Chronicling Belief's Strange Wonders | Sojourners

Chronicling Belief's Strange Wonders

"Sweet Heaven When I Die: Faith, Faithlessness, and the country in Between" by Jeff Sharlet

WITHOUT SOME advance warning, you might not know that Jeff Sharlet is a man of God. That’s not an insult or backward compliment so much as it is fact. Though perhaps best known for his acclaimed nonfiction expose The Family: The Secret Fundamentalism at the Heart of American Power, Sharlet doesn’t beat readers over the head with the proverbial Bible he carries in his knapsack. If you don’t know what clues to look for—tales of Germans born again in Oklahoma, descriptions of hipster trucker caps emblazoned with flashy youth crusade logos—you might miss some of his most powerful nods to spiritual and religious influence in his travels. You might mistake the nondenominational journalist for just another fantastically gifted storyteller, a shrewd correspondent reporting back from remote spiritual enclaves, rather than a disciple of God seeking to understand those with whom he shares some belief.

Sweet Heaven When I Die begins by tracing Sharlet’s youthful days visiting a girlfriend’s Colorado ranch and his grandmother’s Knoxville home. His keen sense of personal history first grounds his essays in what is clearly important in his own life: the closeness of loved ones, the nearness of God. But he quickly moves beyond situating himself in his writing and instead steps back to peer like a prophet into the lives of others—philosopher and educator Cornel West or Yiddish novelist Chava Rosenfarb.

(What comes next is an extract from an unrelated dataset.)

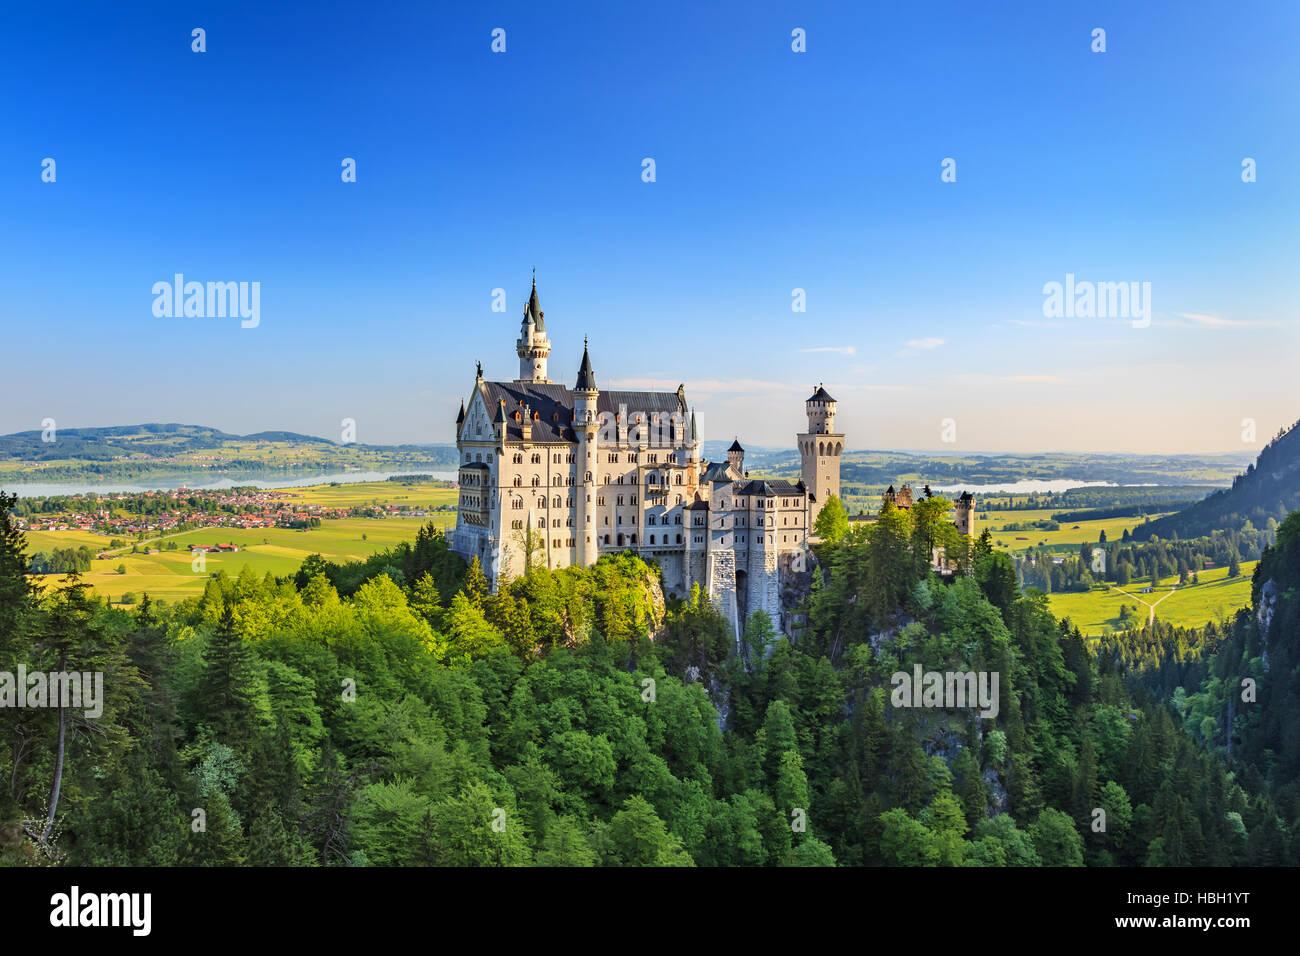 Neuschwanstein Castle, Fussen, Germany - Stock Image

Sharlet also nimbly passes through the outer realms of faith and lack thereof. In one of the book’s most poignant vignettes, he retraces the short life of Brad Will, once called one of the country’s “leading anarchists.” (The oxymoronic label suitably amused Will.) Will’s activism began in a same-sex marriage standoff with Promise Keepers in Boulder, Colorado, and then carried him north to Quebec City and south to his 2006 death in Oaxaca de Juarez. Throughout his fiery life, he kept in close contact with his straight-laced Republican family; attending his mother’s 60th birthday party celebration was a chief concern when he was detained for a week following the 1999 WTO protests in Seattle.